## Raw data:
↓

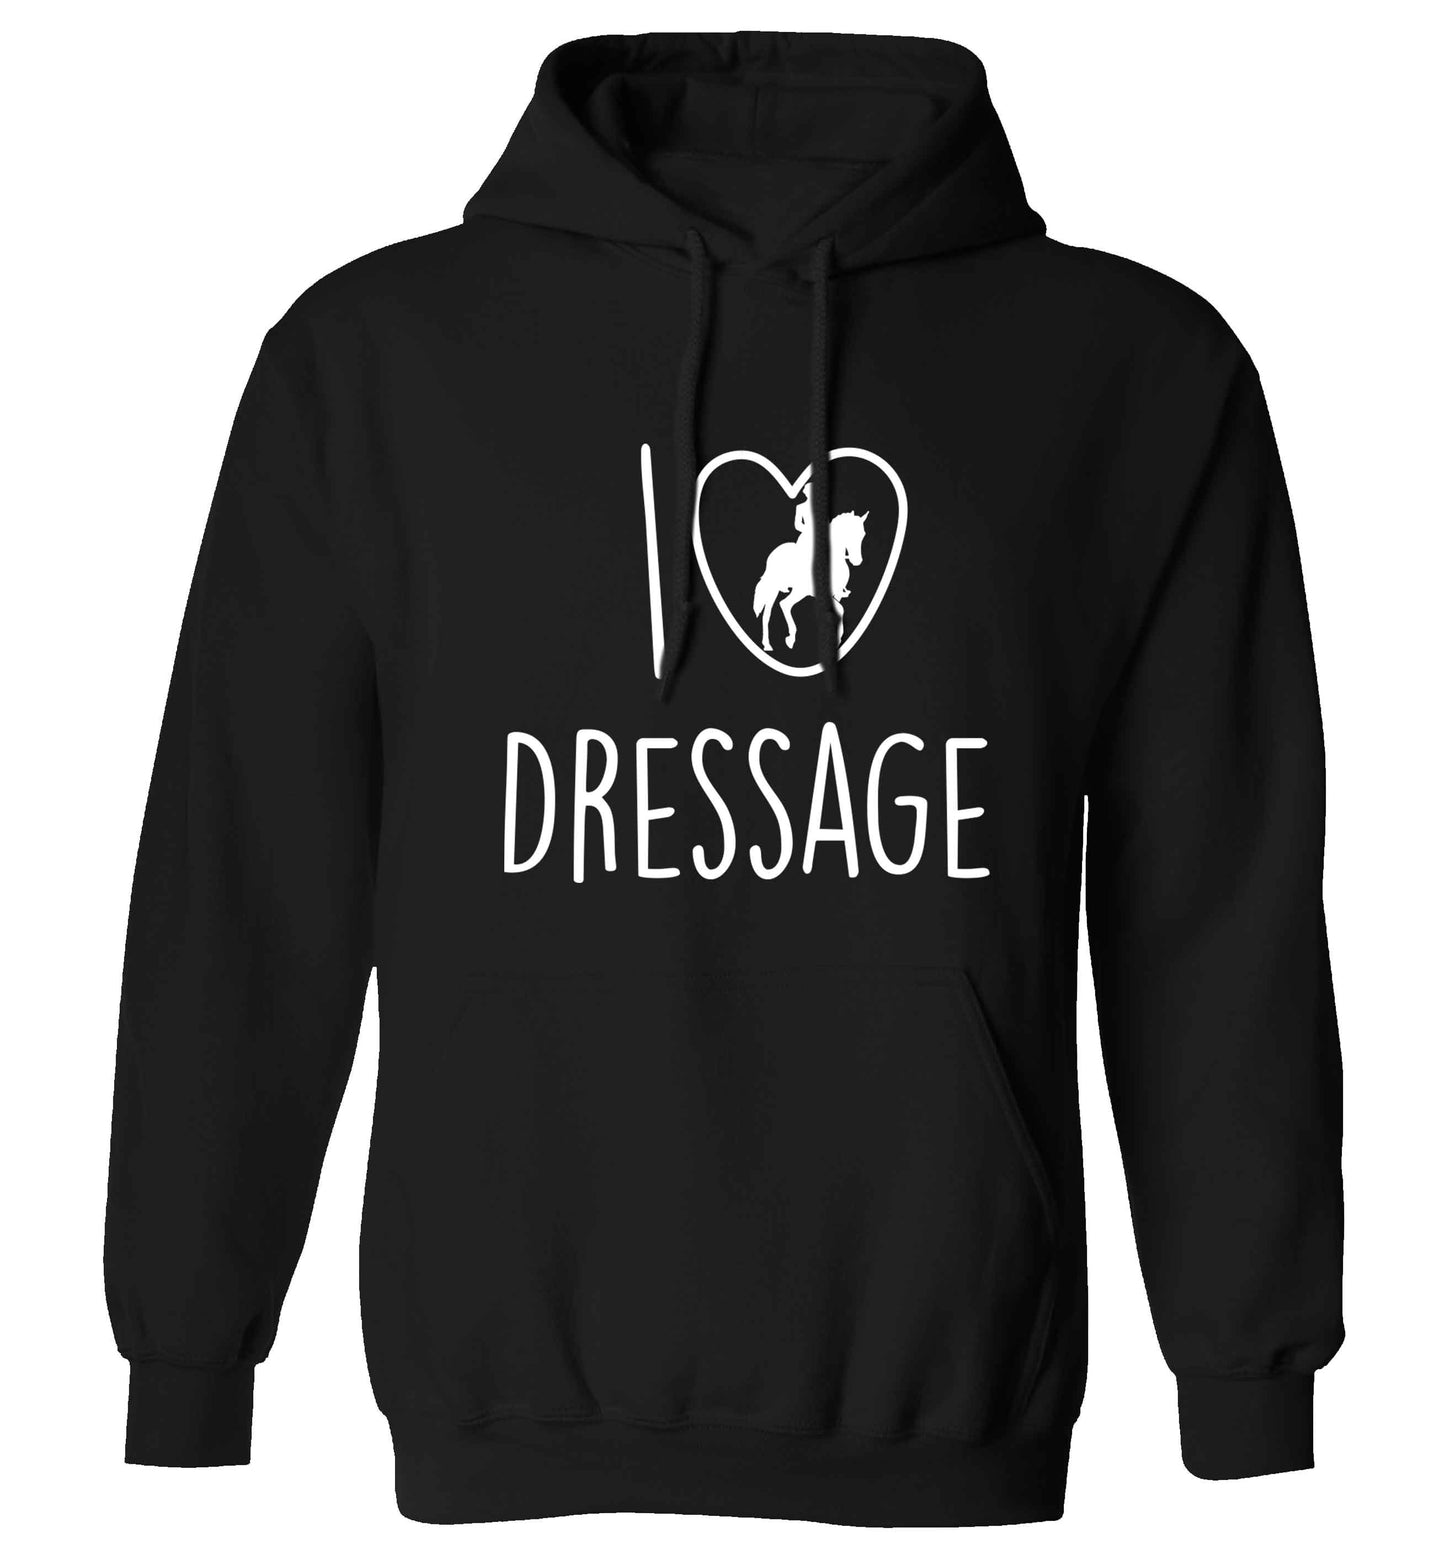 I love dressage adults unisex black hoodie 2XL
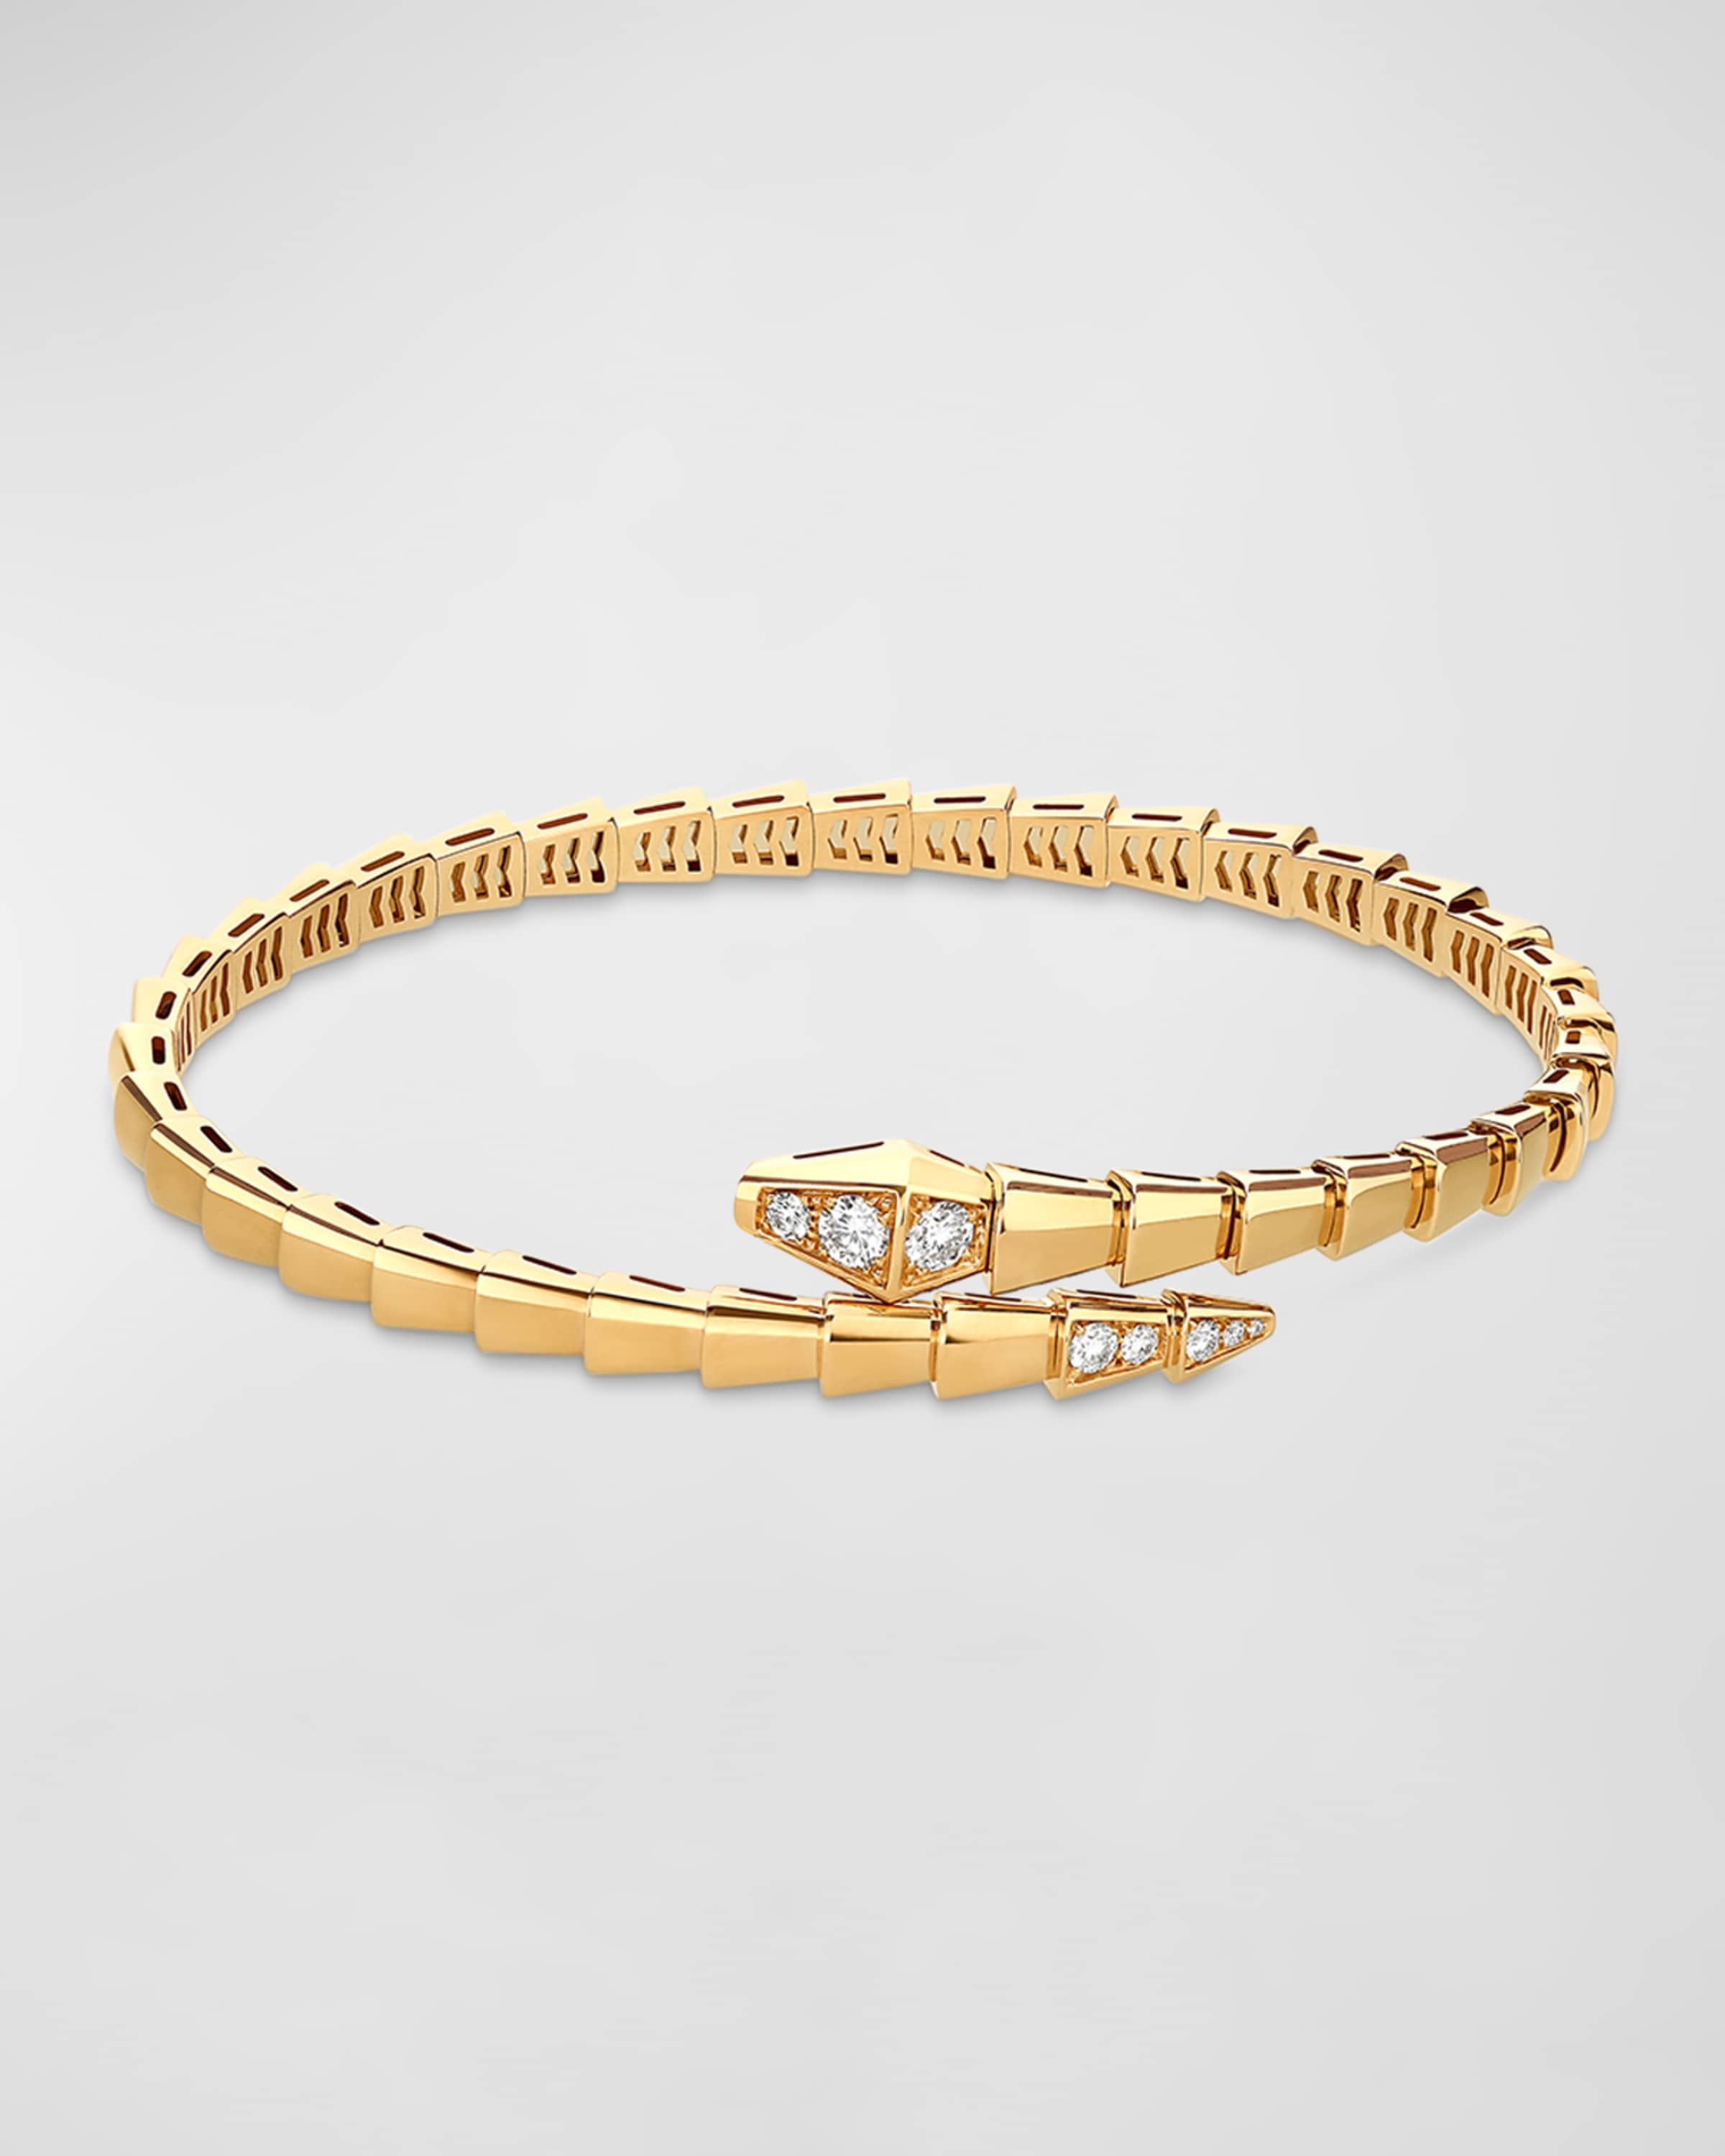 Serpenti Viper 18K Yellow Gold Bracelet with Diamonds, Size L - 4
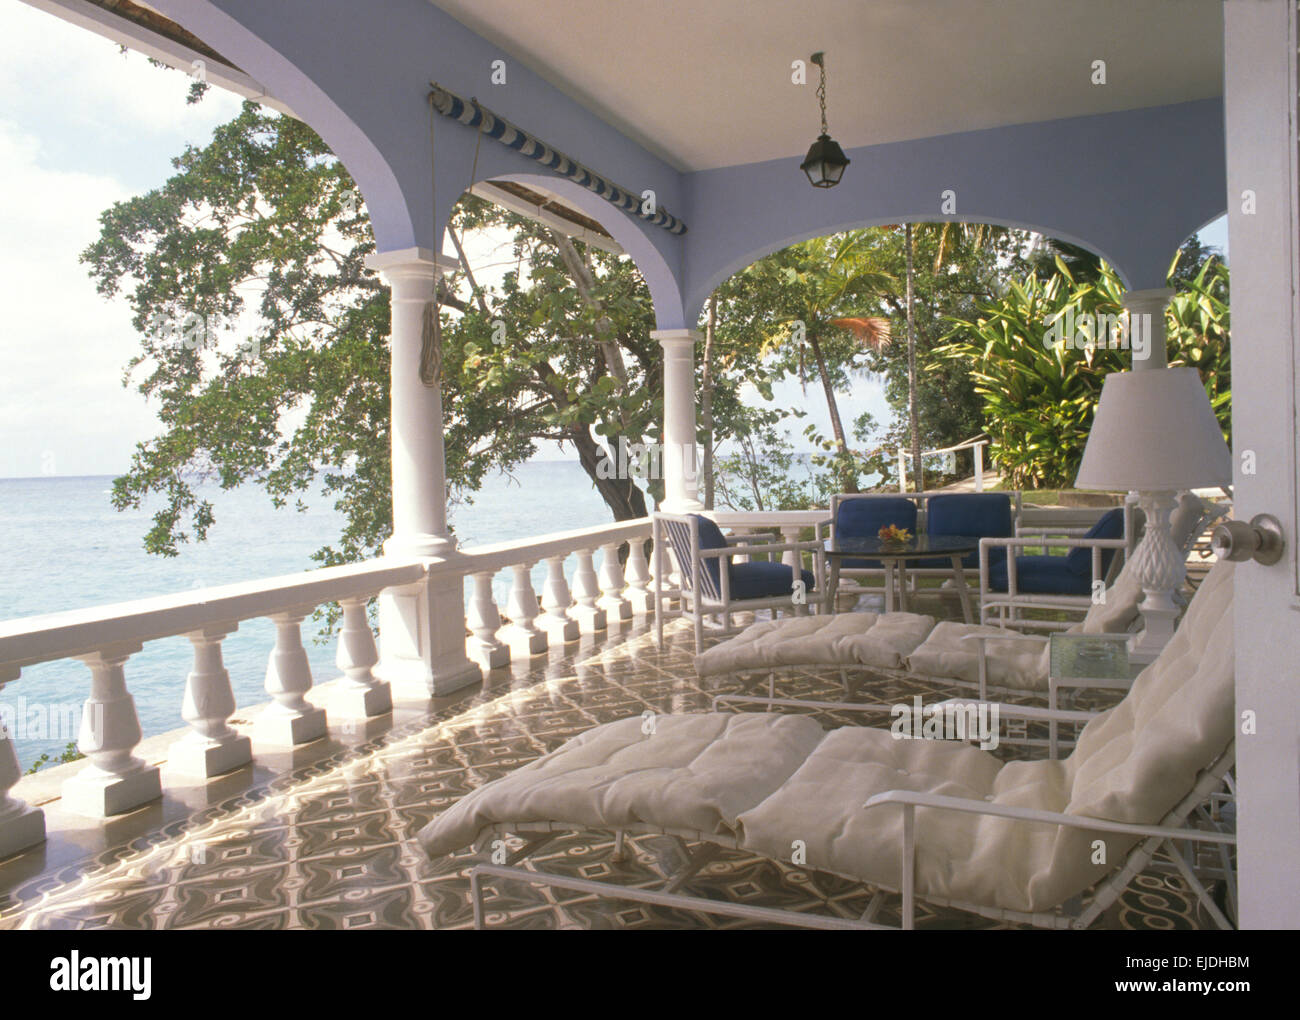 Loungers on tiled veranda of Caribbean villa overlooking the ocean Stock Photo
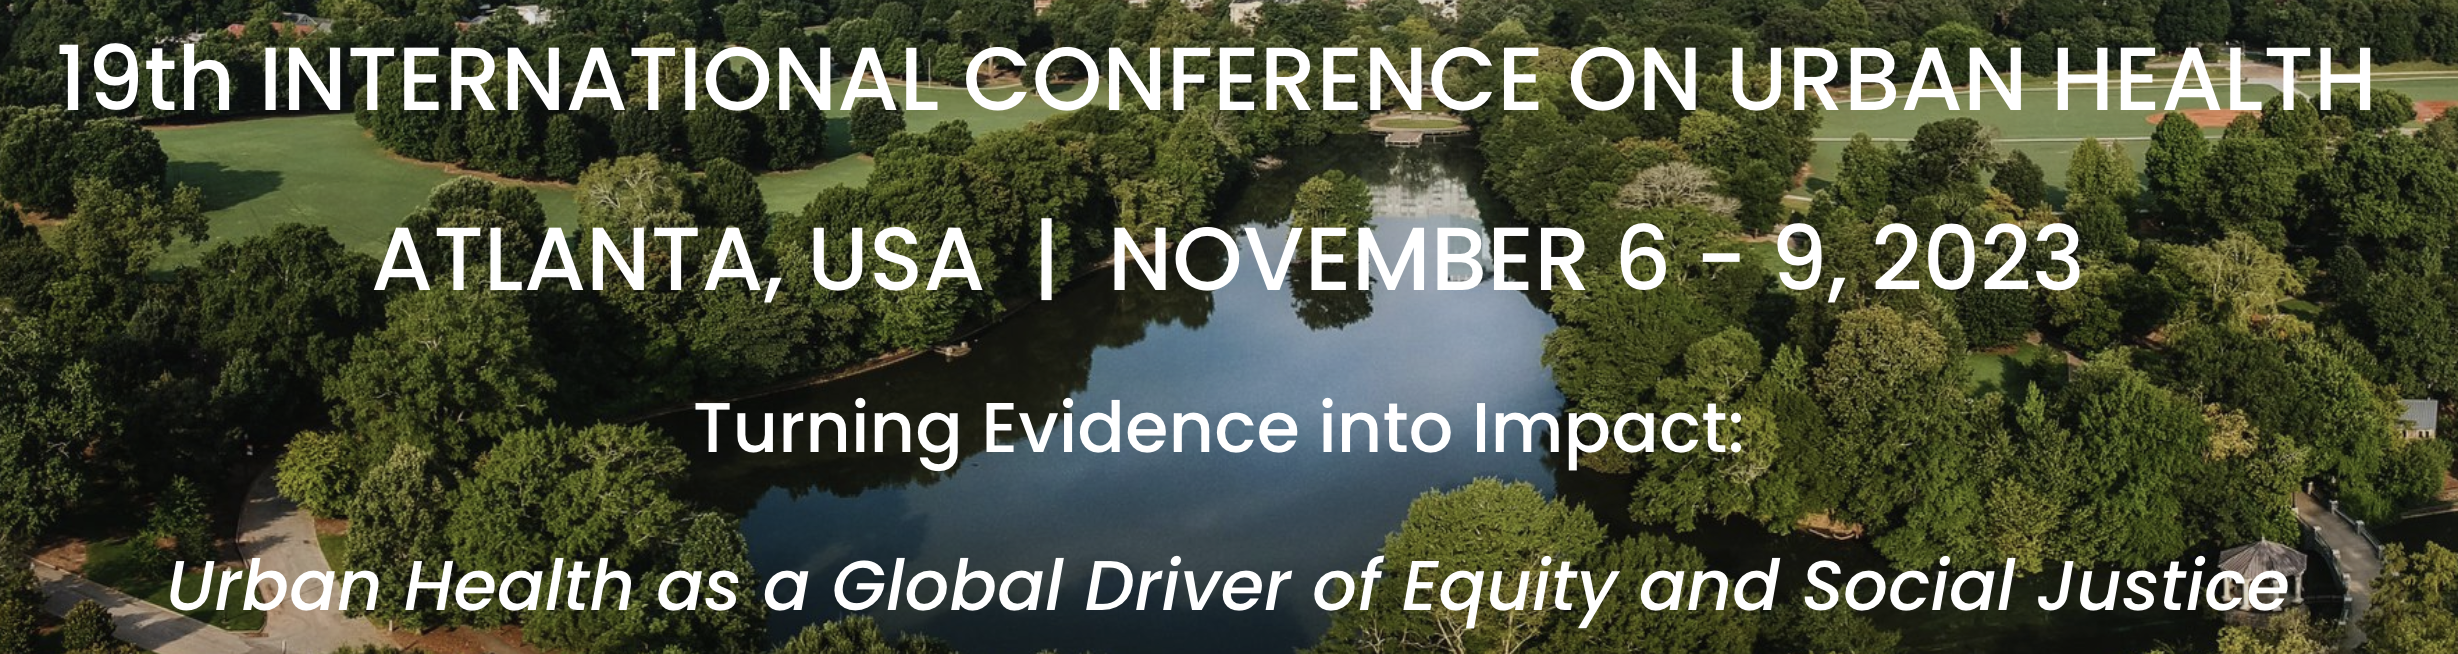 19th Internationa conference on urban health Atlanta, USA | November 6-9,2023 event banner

↑

## What to work on:
Everything in the preceding material must be transcribed exactly, except the images.

## Result of the exercise:
 I love dressage adults unisex black hoodie 2XL
 Serpenti Viper 18K Yellow Gold Bracelet with Diamonds, Size L - 4
 Loungers on tiled veranda of Caribbean villa overlooking the ocean Stock Photo
 19th Internationa conference on urban health Atlanta, USA | November 6-9,2023 event banner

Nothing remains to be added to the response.